Help with logs please

[lolilovepie]

Hi, I was wondering if youc an please help me solve this one problem. I started on it but then got stuck towards the end.

the problem is Solve. leave solution in exact form:

3^(x-2)=4^(2x+1)

==============

so this is what i did:

3^(x-2)=4^(2x+1)

=> log3(x-2)=log4(2x+1)

=>(x-2)=(log4/log3)(2x+1)

=> (x-2)=1.262 (2x+1)

=> (x-2)=2.24x + 1.262

and this is where i got stuck

 

[lolilovepie]

No, your approach isn't really valid past the 2nd line.

what you can do is use a common base for your logs on both sides.

\(\displaystyle \begin{align*}&\log(3^{x-2})==\log(4^{2x+1}) \\ \\

&(x-2)\log(3)==(2x+1)\log(4) \\ \\

&(\log(3)-2\log(4))x==\log(4)+2\log(3)\end{align*}\)

and I think you can solve it from here.

oh, how did you get (log(3)−2log(4))x==log(4)+2log(3)​ i'm kind of confuse at that part

 

[lolilovepie]

I just collected all the x terms together on the left and all the constant terms together on the right.

It's just a small bit of algebra.

ohh okay,
I did:
( x - 2 ) log 3 = ( 2x + 1 ) log 4 x log 3 - 2 log 3 = 2x log 4 + log 4
x log 3 - 2x log 4 = log 4 + 2 log 3
x ( log 3 - 2 log 4 ) = log 4 + 2 log 3
x = ( log 4 + 2 log 3 ) / ( log 3 - 2 log 4 )

and got x= -2.1?
not sure if that's right

 

[JeffM]

oh, how did you get (log(3)−2log(4))x==log(4)+2log(3)​ i'm kind of confuse at that part

oh, how did you get (log(3)−2log(4))x==log(4)+2log(3)​ i'm kind of confuse at that part

\(\displaystyle 3^{(x - 2)} = 4^{(2x + 1)} \implies\)

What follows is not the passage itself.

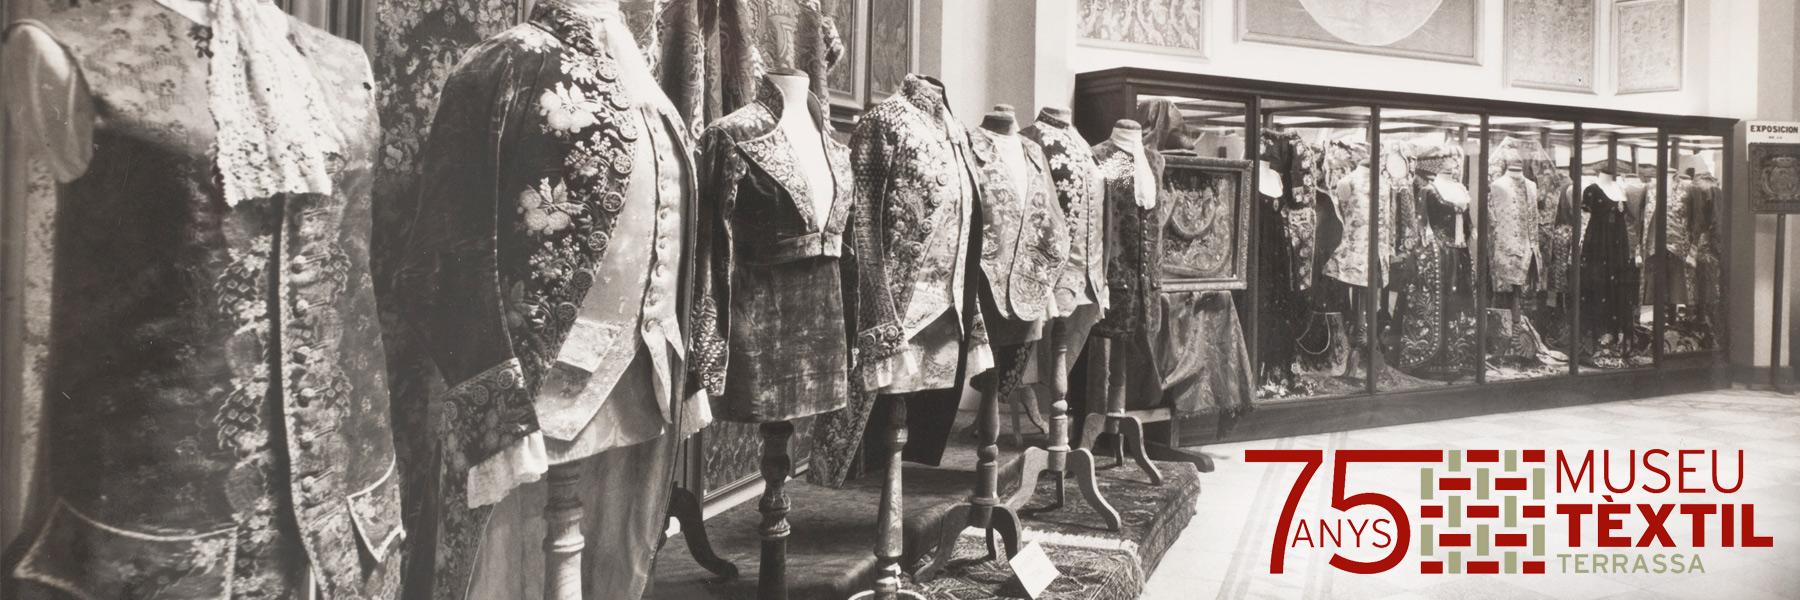 Imatge 75 anys Museu Tèxtil de Terrassa.

\(\displaystyle log \left(3^{(x - 2)}\right) = log \left(4^{(2x + 1)}\right) \implies\)

\(\displaystyle (x - 2)log(3) = (2x + 1)log(4) \implies\)

\(\displaystyle xlog(3) - 2log(3) = 2xlog(4) + log(4) \implies\)

\(\displaystyle xlog(3) - 2xlog(4) = 2log(3) + log(4) \implies\)

\(\displaystyle x\{log(3) - 2log(4)\} = 2log(3) + log(4)\implies\)

\(\displaystyle x = \dfrac{2log(3) + log(4)}{log(3) -2log(4)}.\) This is what romsek did. You can simplify further.

\(\displaystyle x = \dfrac{log(36)}{log(3/16)} \approx -2.14.\)